Dataset excerpts:
-- -- --
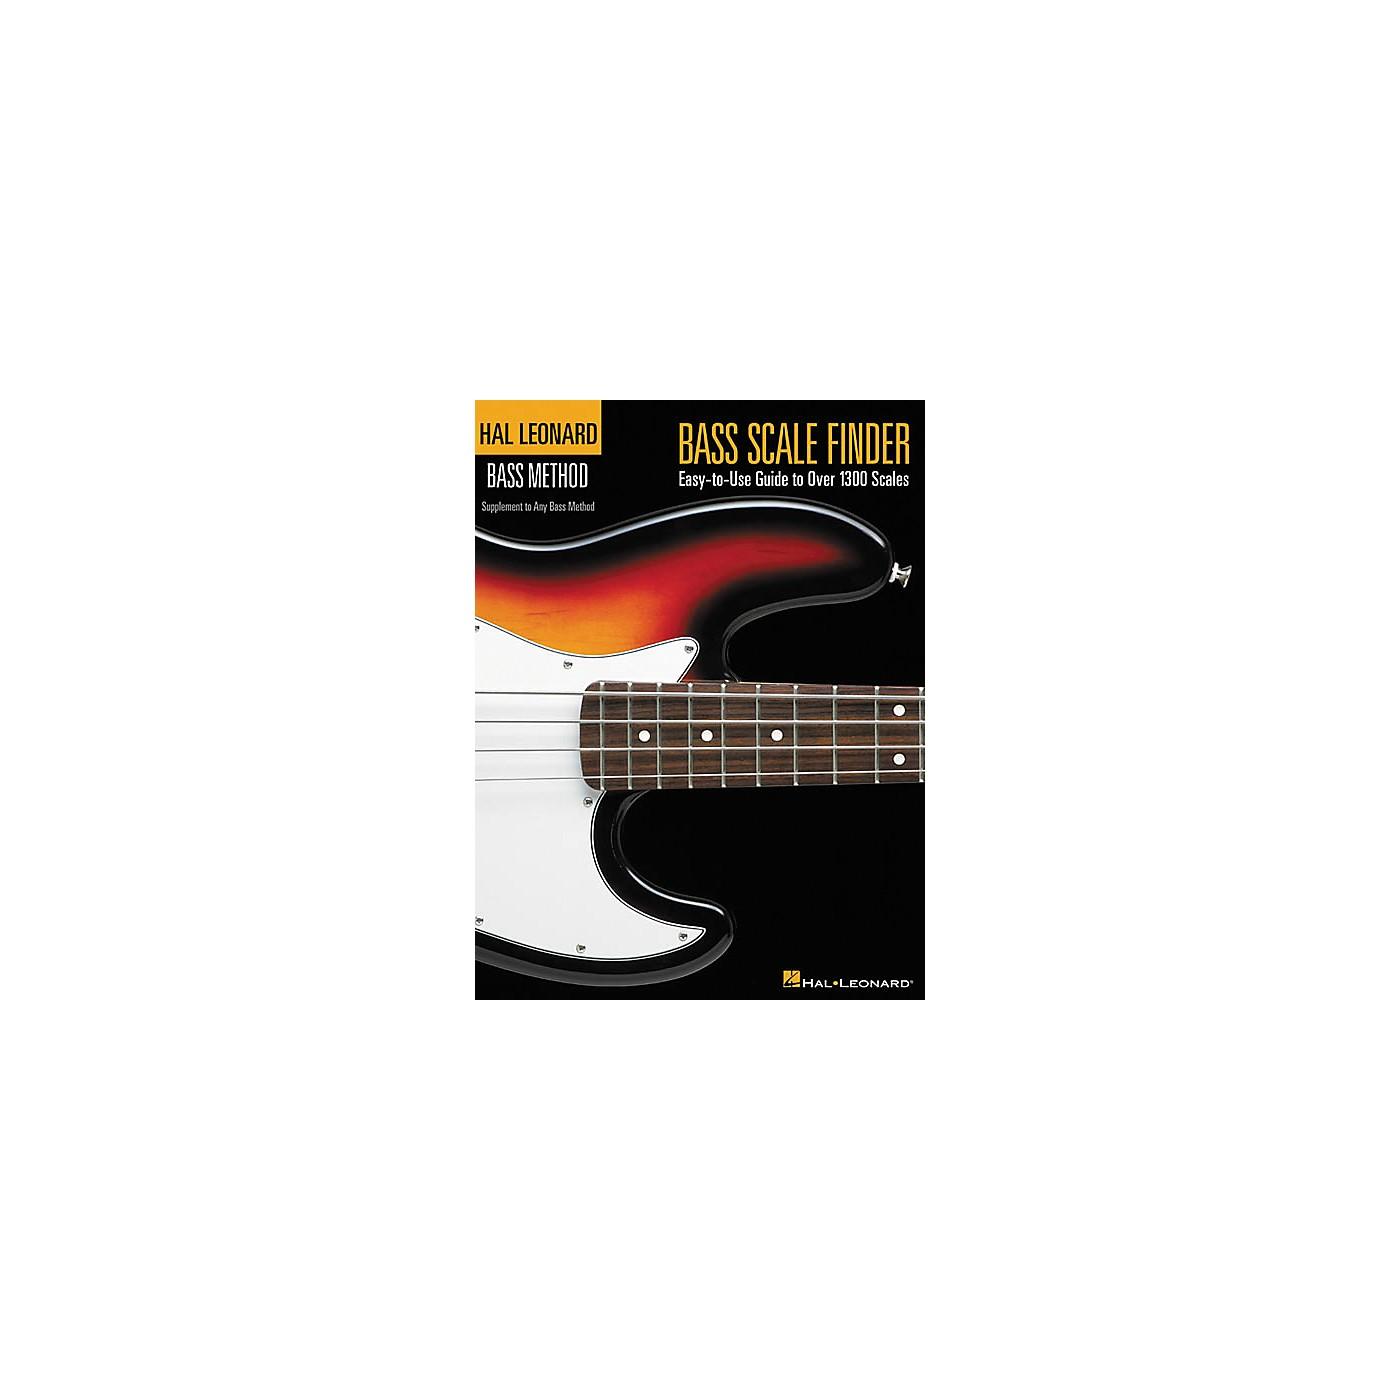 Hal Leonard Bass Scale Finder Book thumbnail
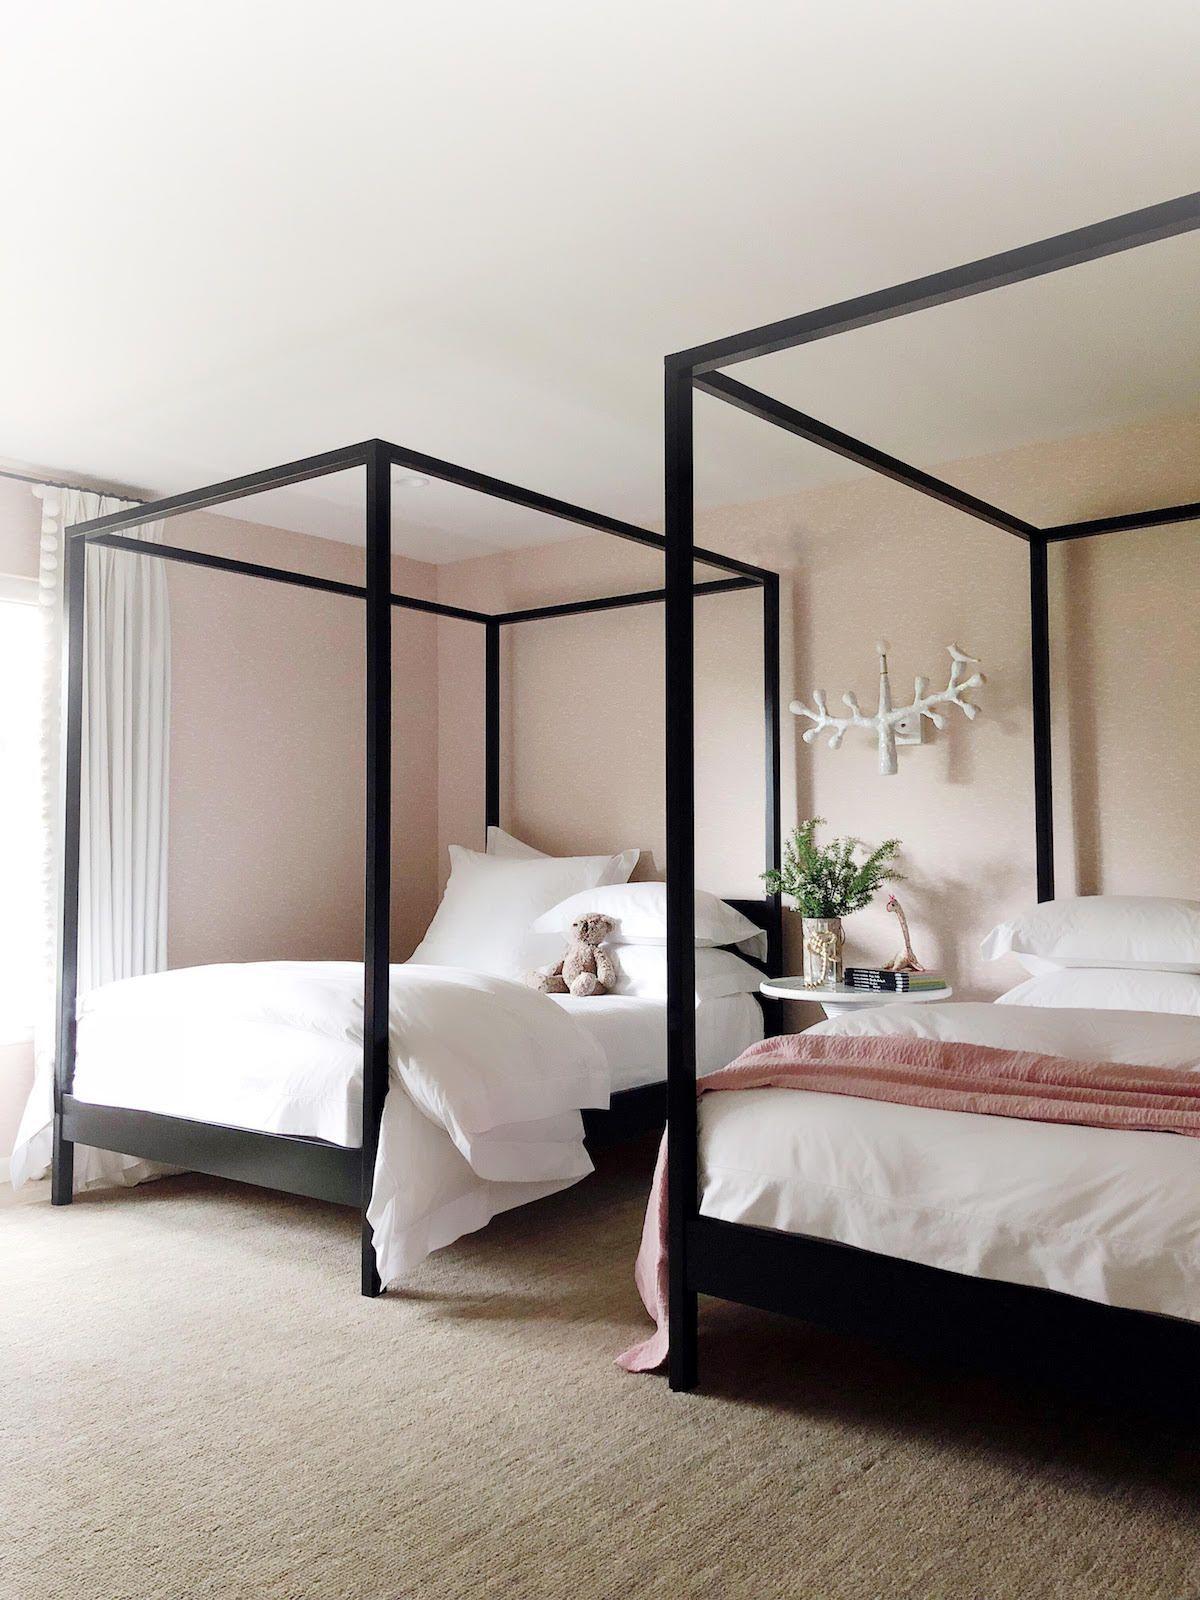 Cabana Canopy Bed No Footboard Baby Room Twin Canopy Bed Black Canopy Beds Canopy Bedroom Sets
-- -- --
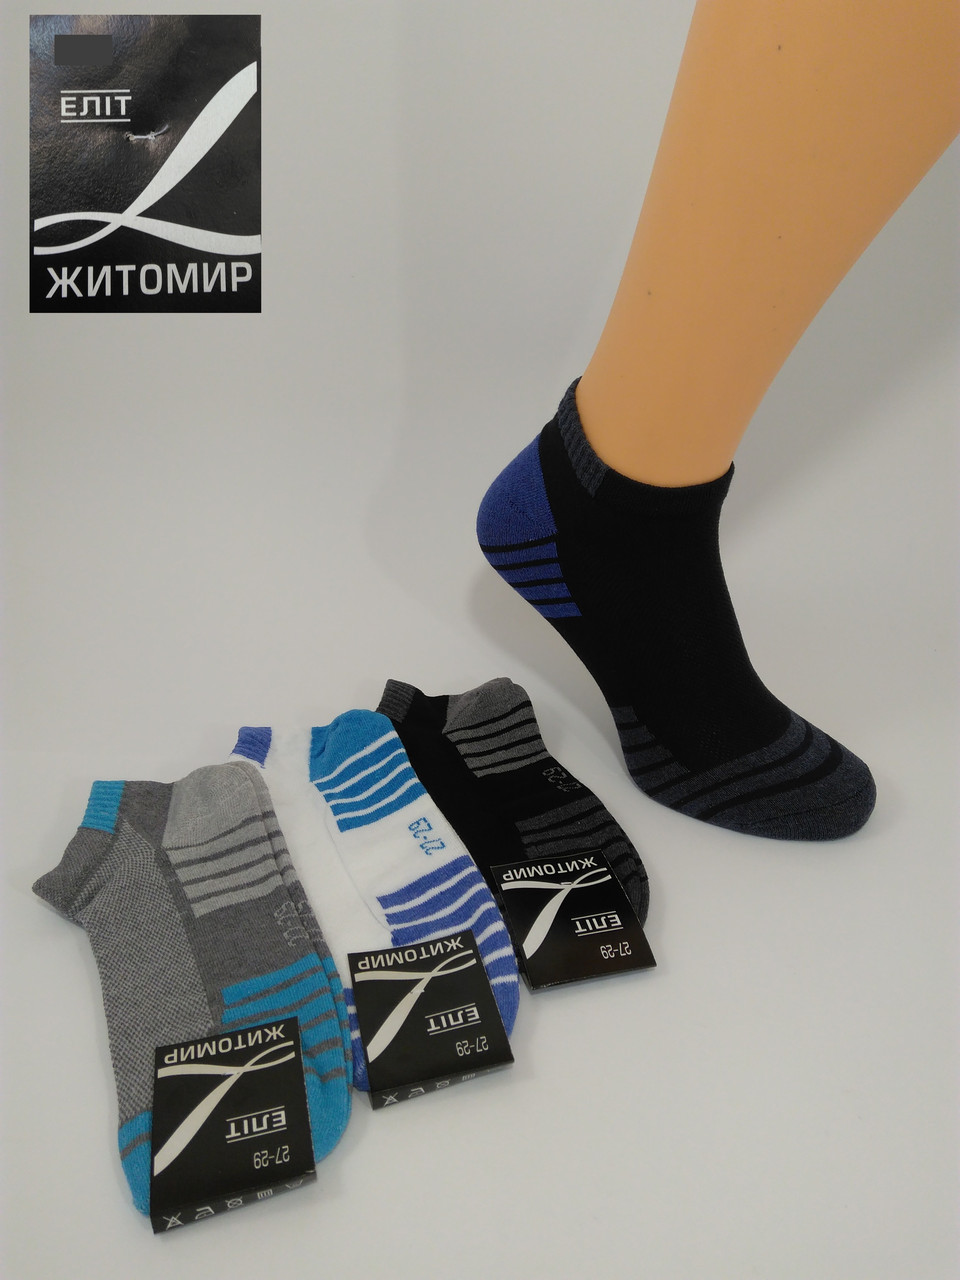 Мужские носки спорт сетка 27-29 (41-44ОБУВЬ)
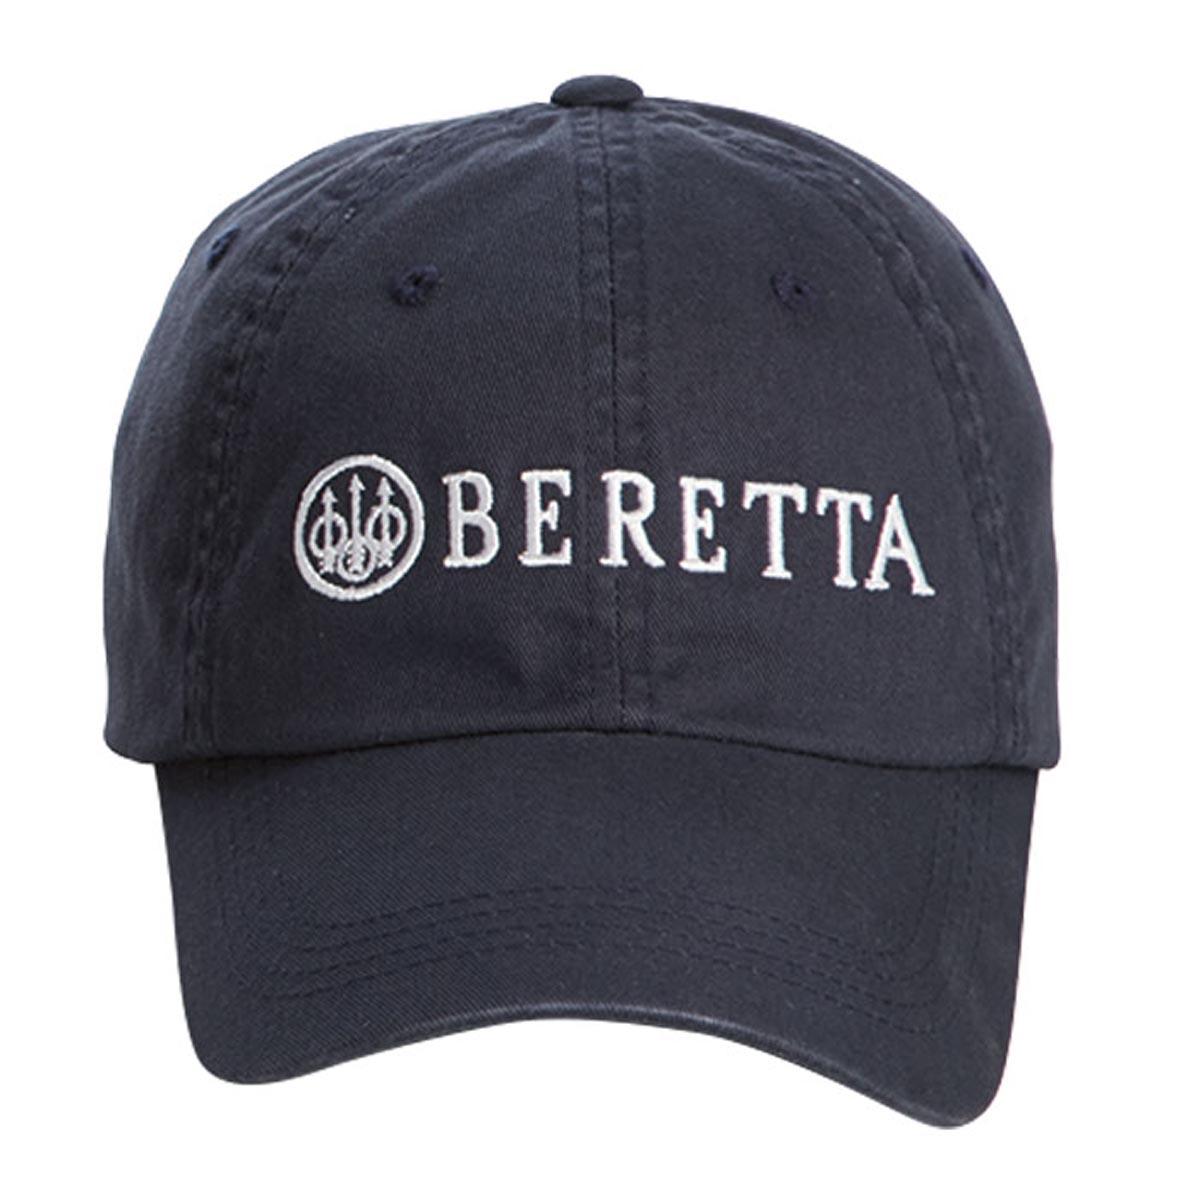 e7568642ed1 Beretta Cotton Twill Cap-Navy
-- -- --
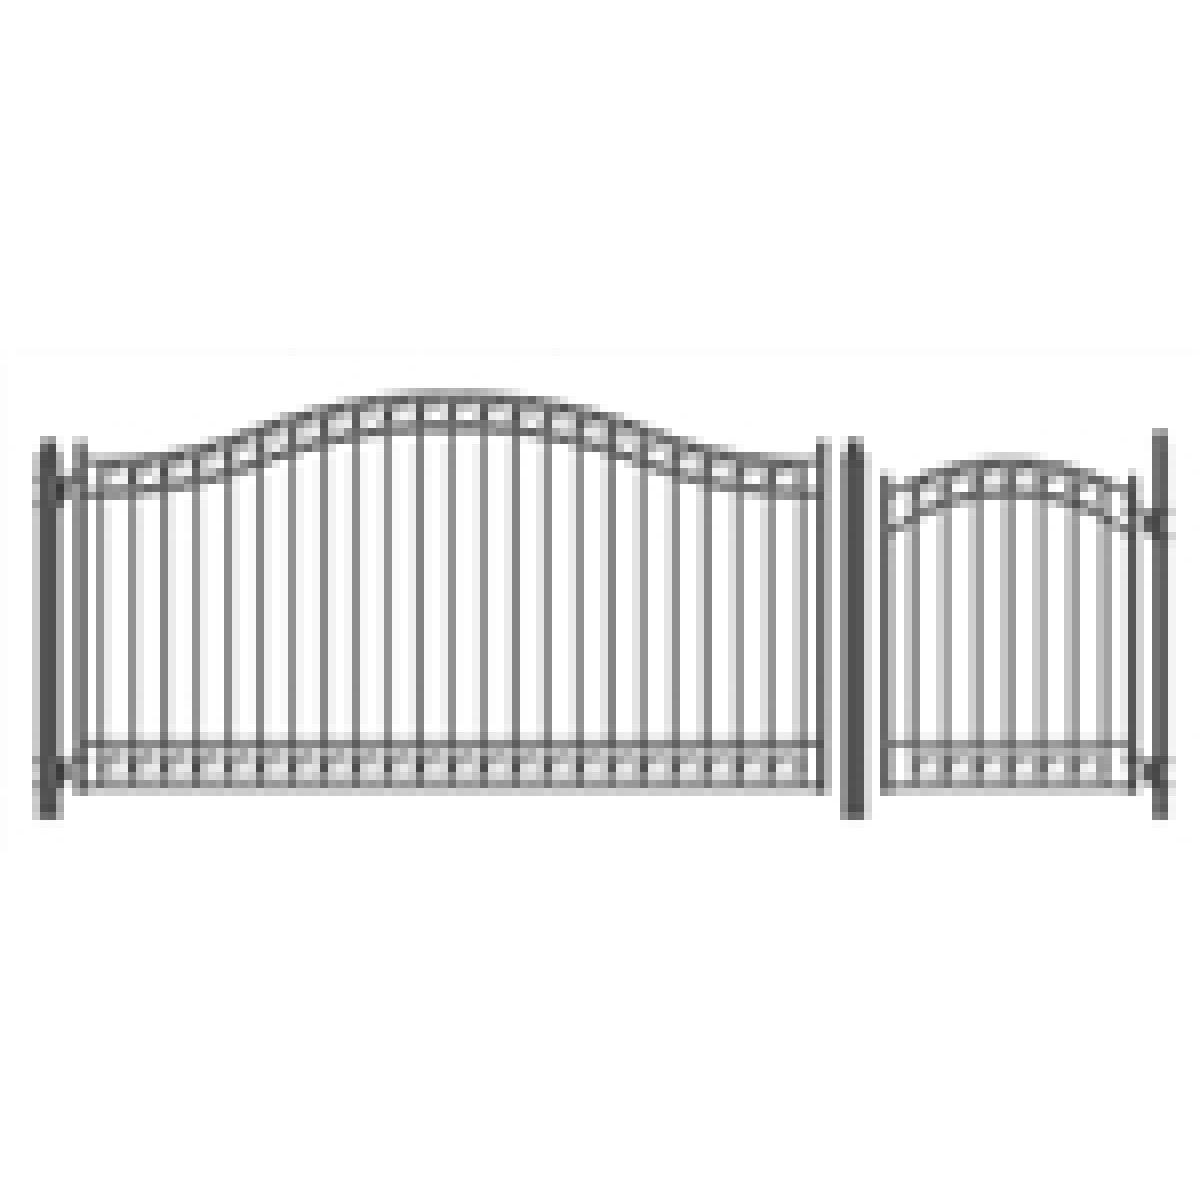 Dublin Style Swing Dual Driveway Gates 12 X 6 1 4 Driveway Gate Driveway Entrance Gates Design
-- -- --
From the records above, transcribe exactly the lines starting at the one containing "Hal Leonard Bass Scale Finder Book thumbnail" and ending at the one containing "Cabana Canopy Bed". Skip the pictures.

Solution to this problem:
 Hal Leonard Bass Scale Finder Book thumbnail
 Cabana Canopy Bed No Footboard Baby Room Twin Canopy Bed Black Canopy Beds Canopy Bedroom Sets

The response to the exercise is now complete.